王夫人跪在地上,拿帕子擦了擦眼角,那副可憐兮兮的模樣底下,終究是藏著一絲壓抑不住的得意。
王熙鳳冷眼旁觀著這一幕,心中百感交集。
她與黛玉素日裡不算多麼親近,黛玉嫌她俗氣,她嫌黛玉小心眼,兩人不過維持著面上的客氣。
可今日眼睜睜看著這一屋子長輩合起伙來算計一個孤女的嫁妝,她心裡還是湧上一股說不清道不明的怒意。
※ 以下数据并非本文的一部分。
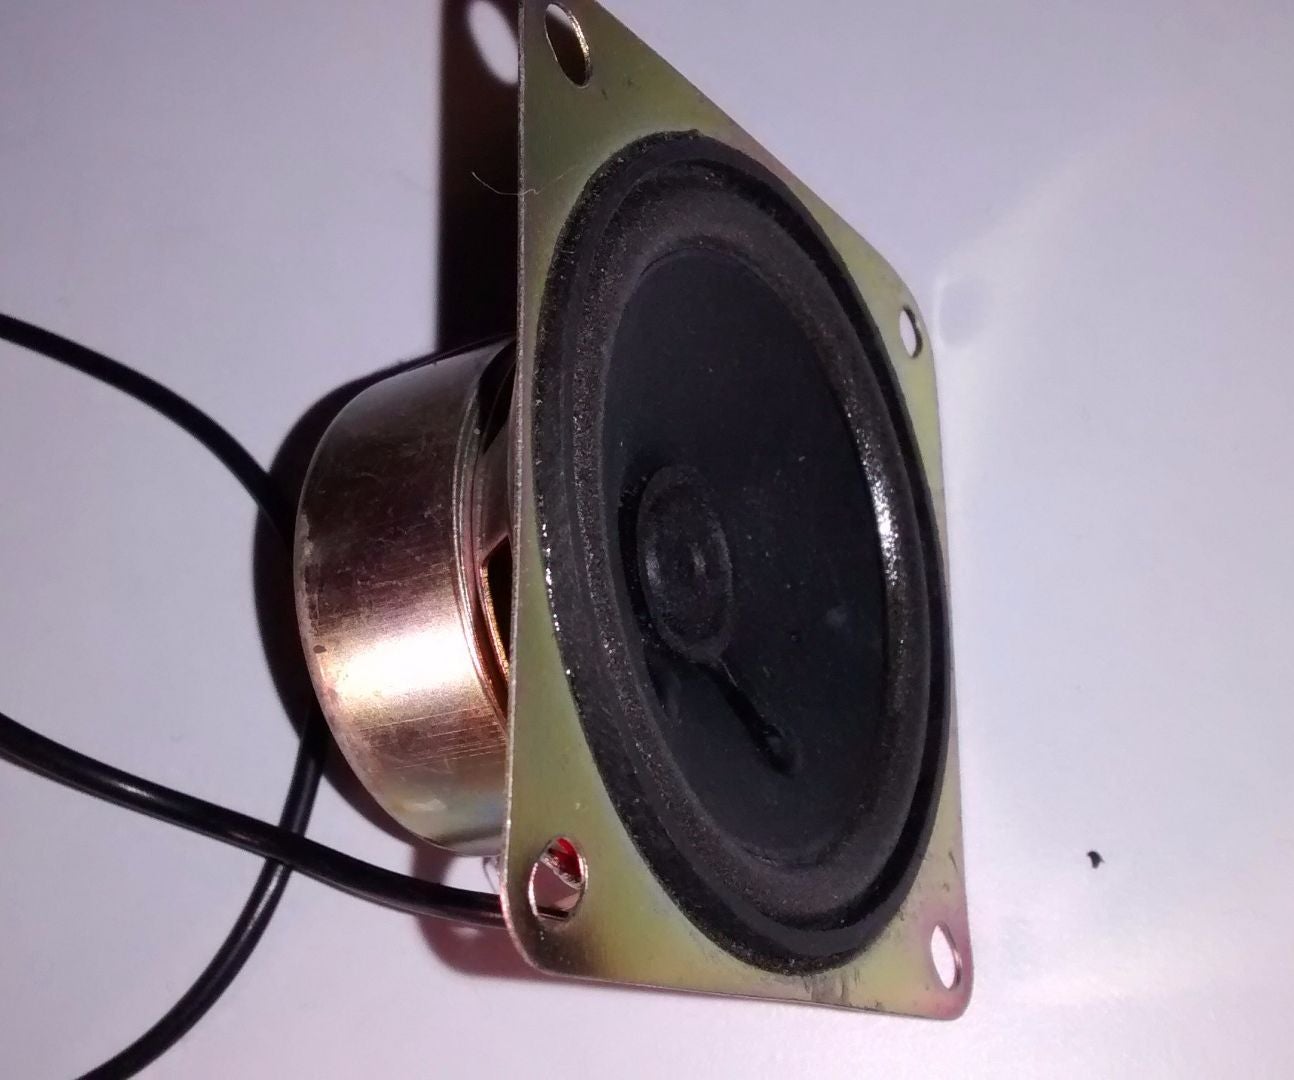 How to Salvage a Magnet From a Speaker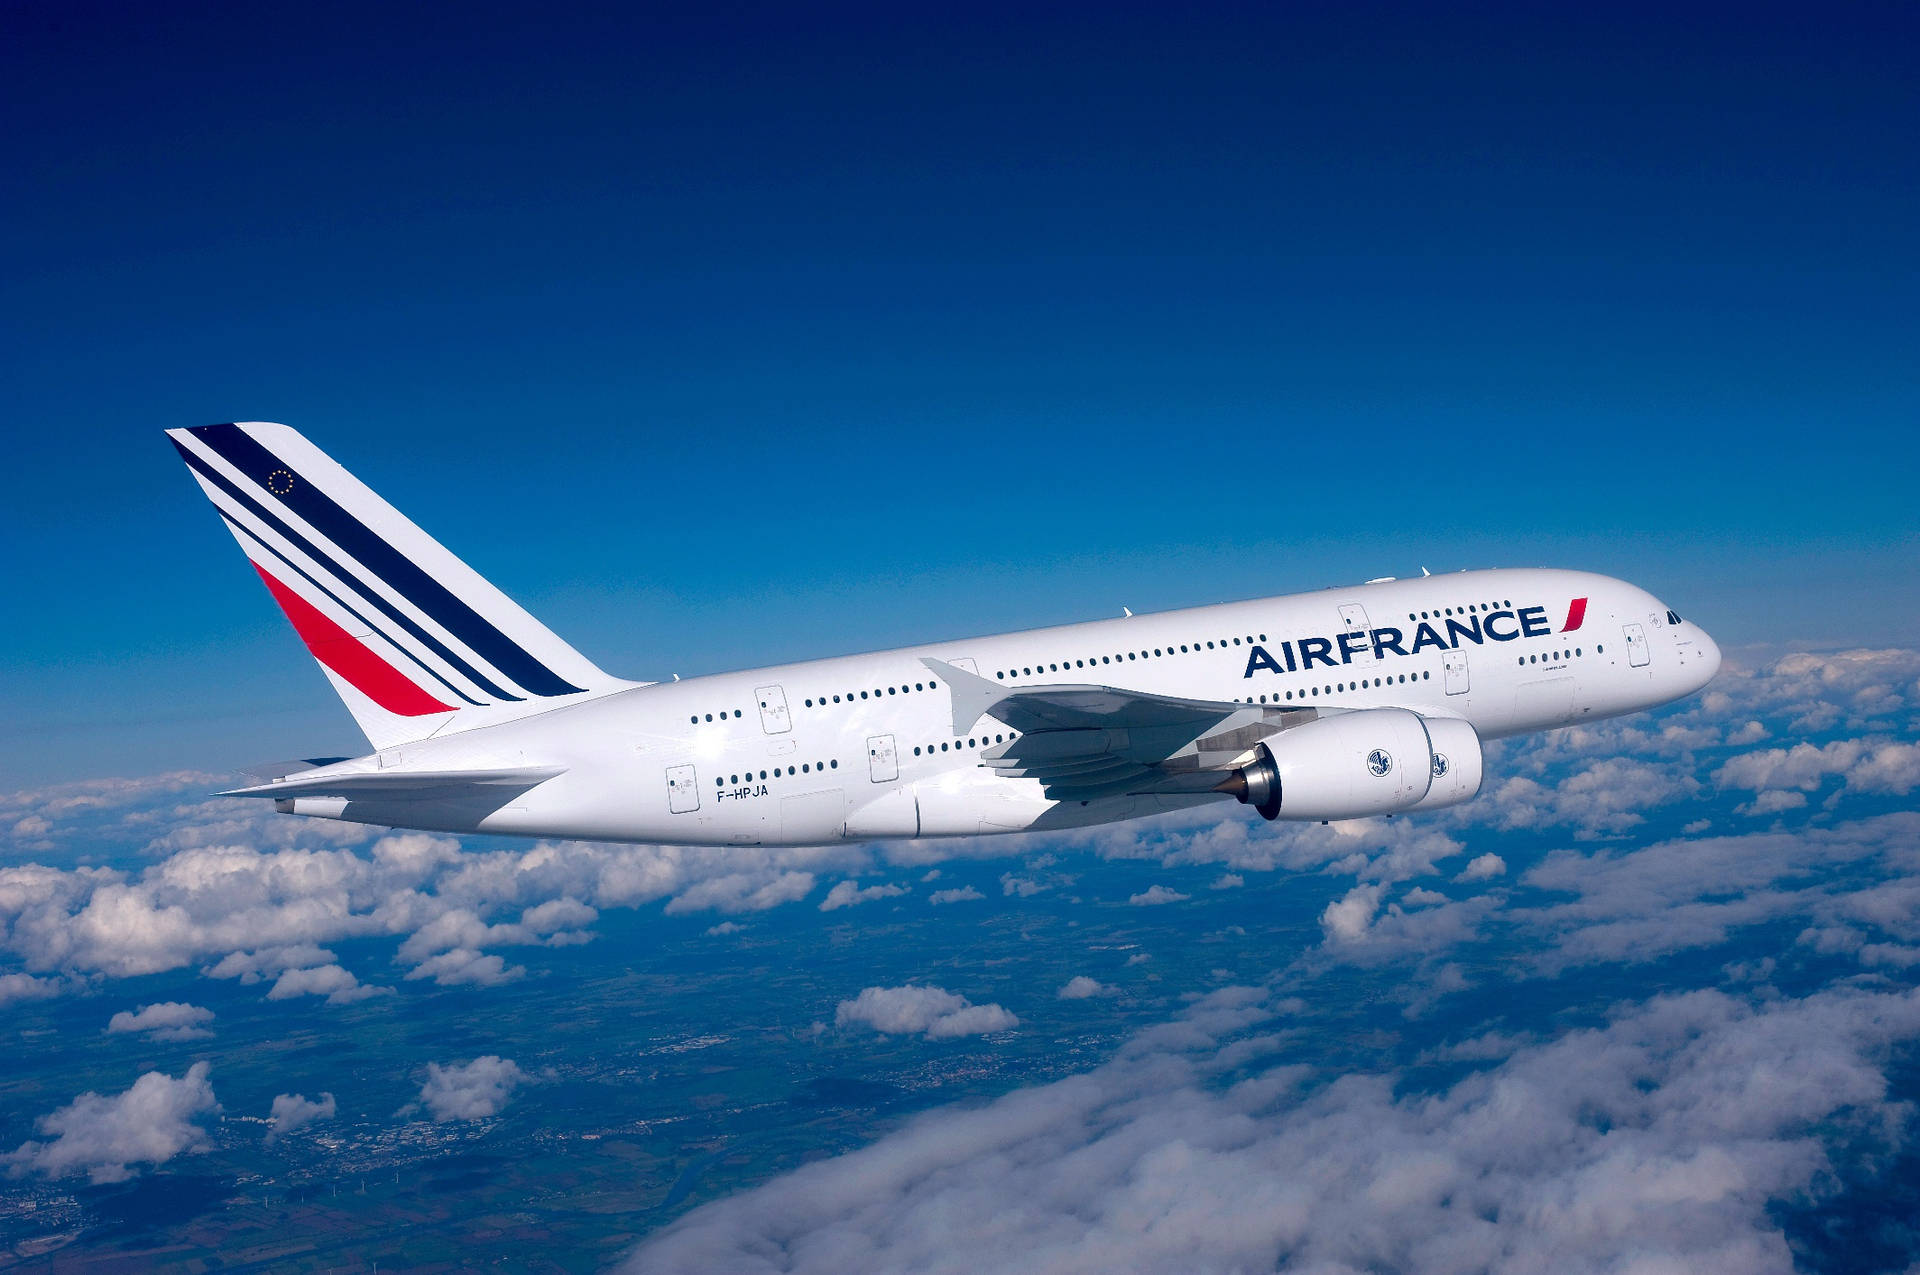 Aesthetic Air France Over The Clouds Wallpaper

她忽然想起趙九歌,不知那沒良心的若是知道今天這一出會怎麼發作。
以他的脾氣怕不是要直接帶錦衣衛來把榮國府的大門卸了。
林如海當年任兩淮巡鹽御史,雖是個出了名的清官從不貪墨,可鹽政衙門每年的養廉銀子便是筆天文數字,再加上林府數代列侯積累下來的田產家業,黛玉那筆嫁妝絕非小數目,少說也有七八十萬兩。
老太太之所以這般輕描淡寫地便答應挪了這筆錢,大約也是因為數目夠大,恰好夠填國庫欠銀的窟窿。
王熙鳳撇了撇嘴,這筆銀子夠她和小丫頭花一輩子都花不完。
改明兒她便去尋那沒良心的,把今日這事一五一十地告訴他。
反正以他的心思,怕是對林妹妹有那麼幾分意思,而林妹妹每回提起「趙家哥哥」時那神情也瞞不過她的眼睛。
她雖有些拈酸吃醋,可在大事上向來拎得清。
若是日後林妹妹當真和那沒良心的成了,那賈家今日挪用的這筆嫁妝便等於動了趙九歌的錢。
以他那睚眥必報的性子,呵呵。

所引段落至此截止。